**HOW TO COMPLETE THIS TASK:**
The line containing "Le Comptoir cafe" and every line after it, through the end of the material: copy these exactly and nothing else, leaving pictures out.

**GIVEN DATA:**
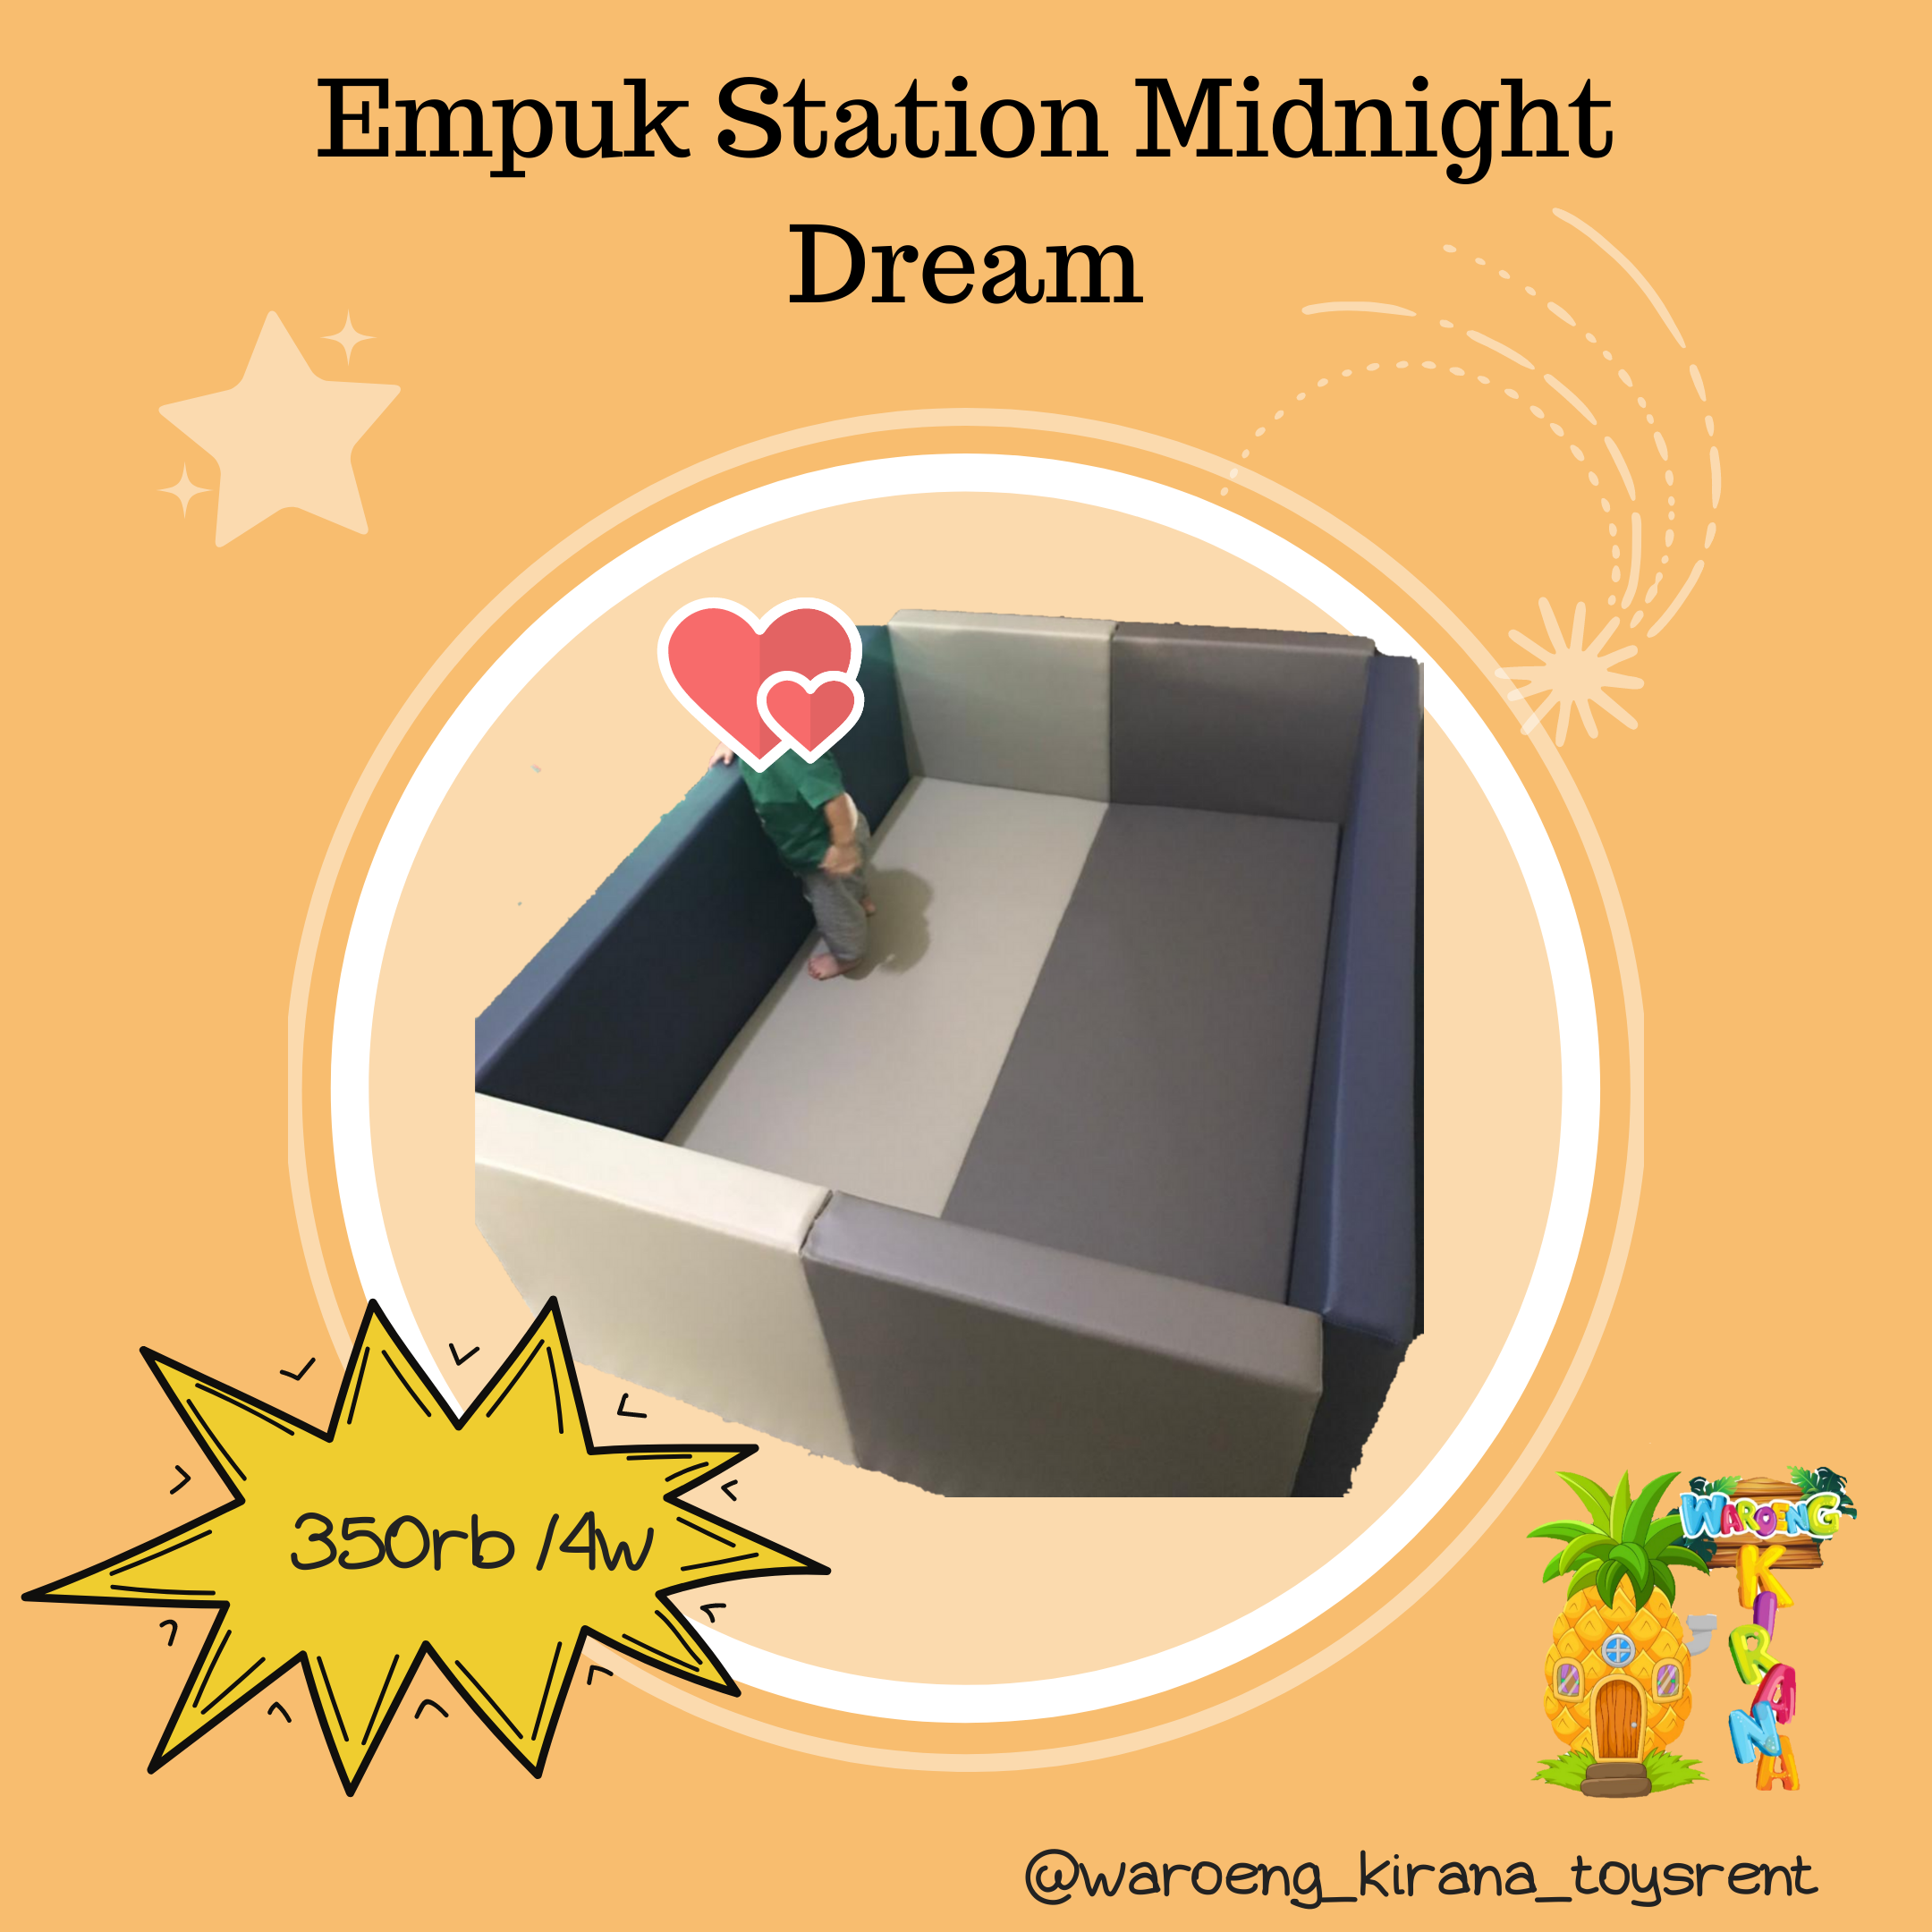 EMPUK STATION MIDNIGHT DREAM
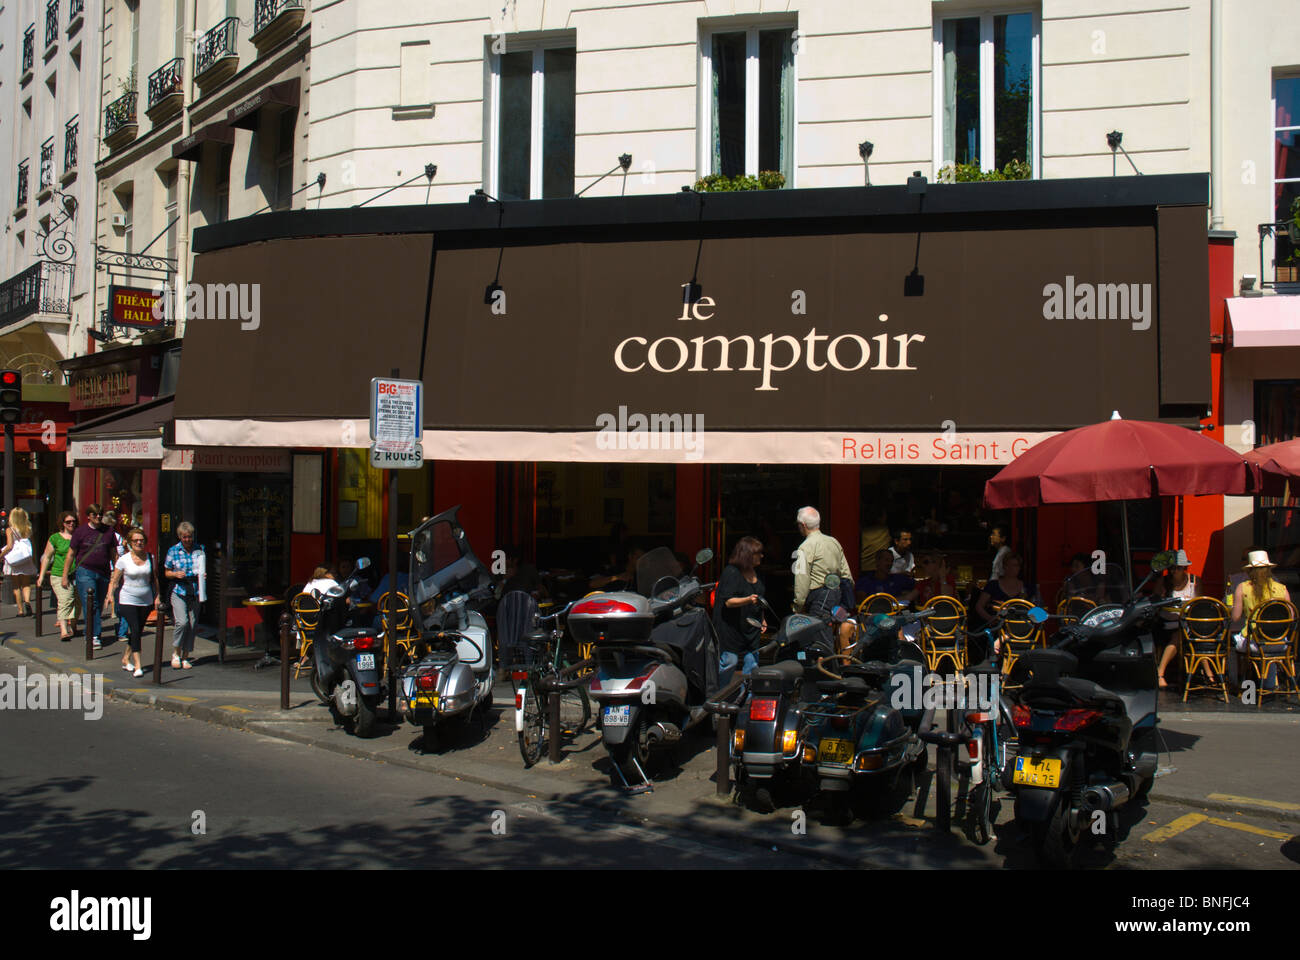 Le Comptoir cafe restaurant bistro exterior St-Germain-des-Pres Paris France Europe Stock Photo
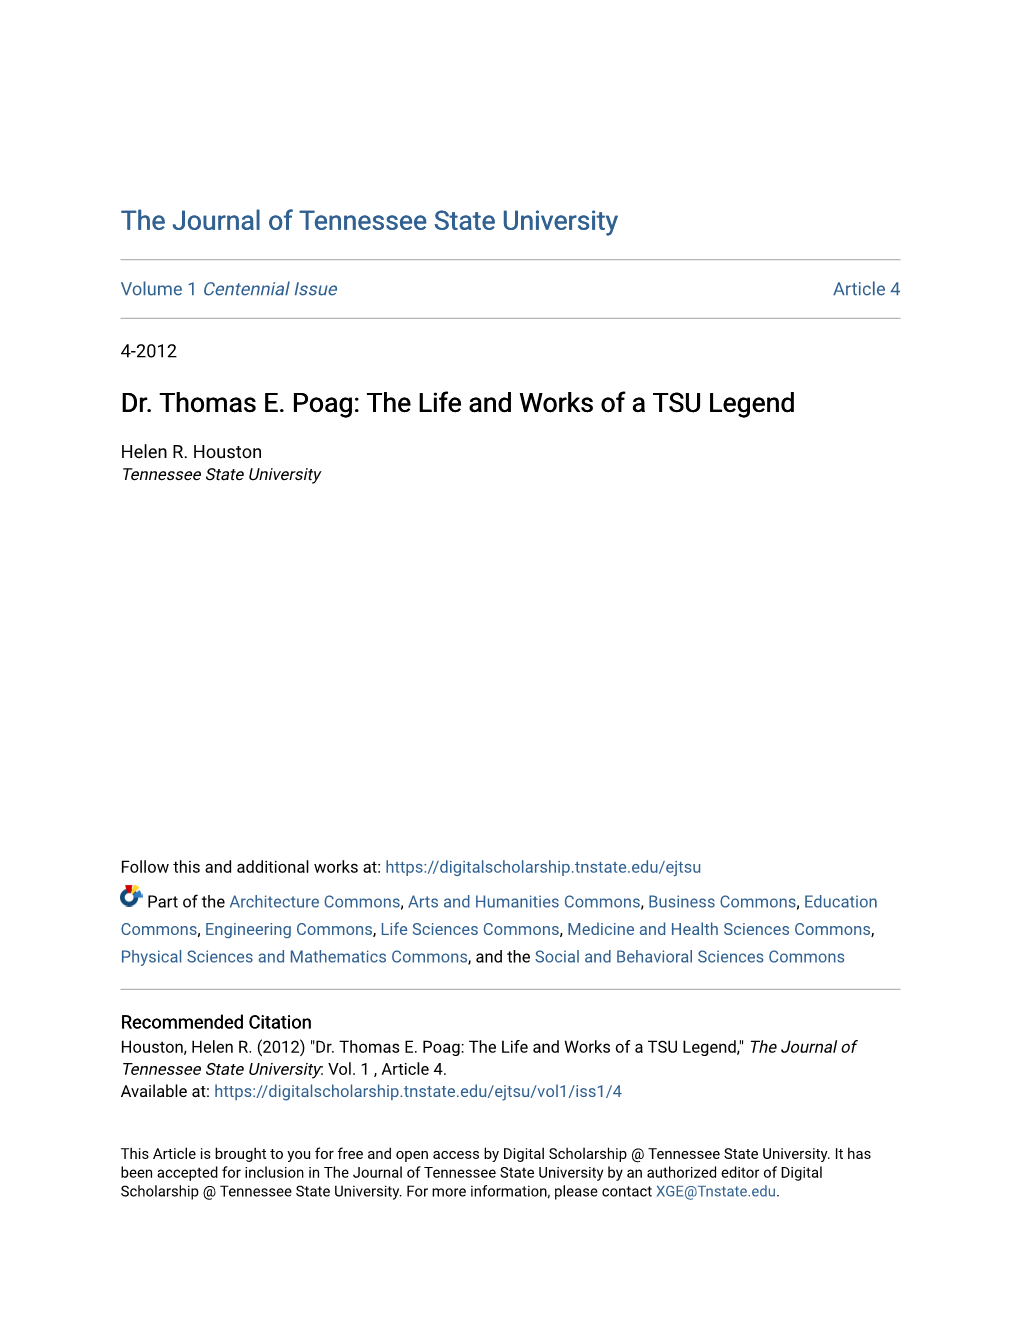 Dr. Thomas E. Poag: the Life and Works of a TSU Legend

**TASK RESPONSE:**
 Le Comptoir cafe restaurant bistro exterior St-Germain-des-Pres Paris France Europe Stock Photo
 Dr. Thomas E. Poag: the Life and Works of a TSU Legend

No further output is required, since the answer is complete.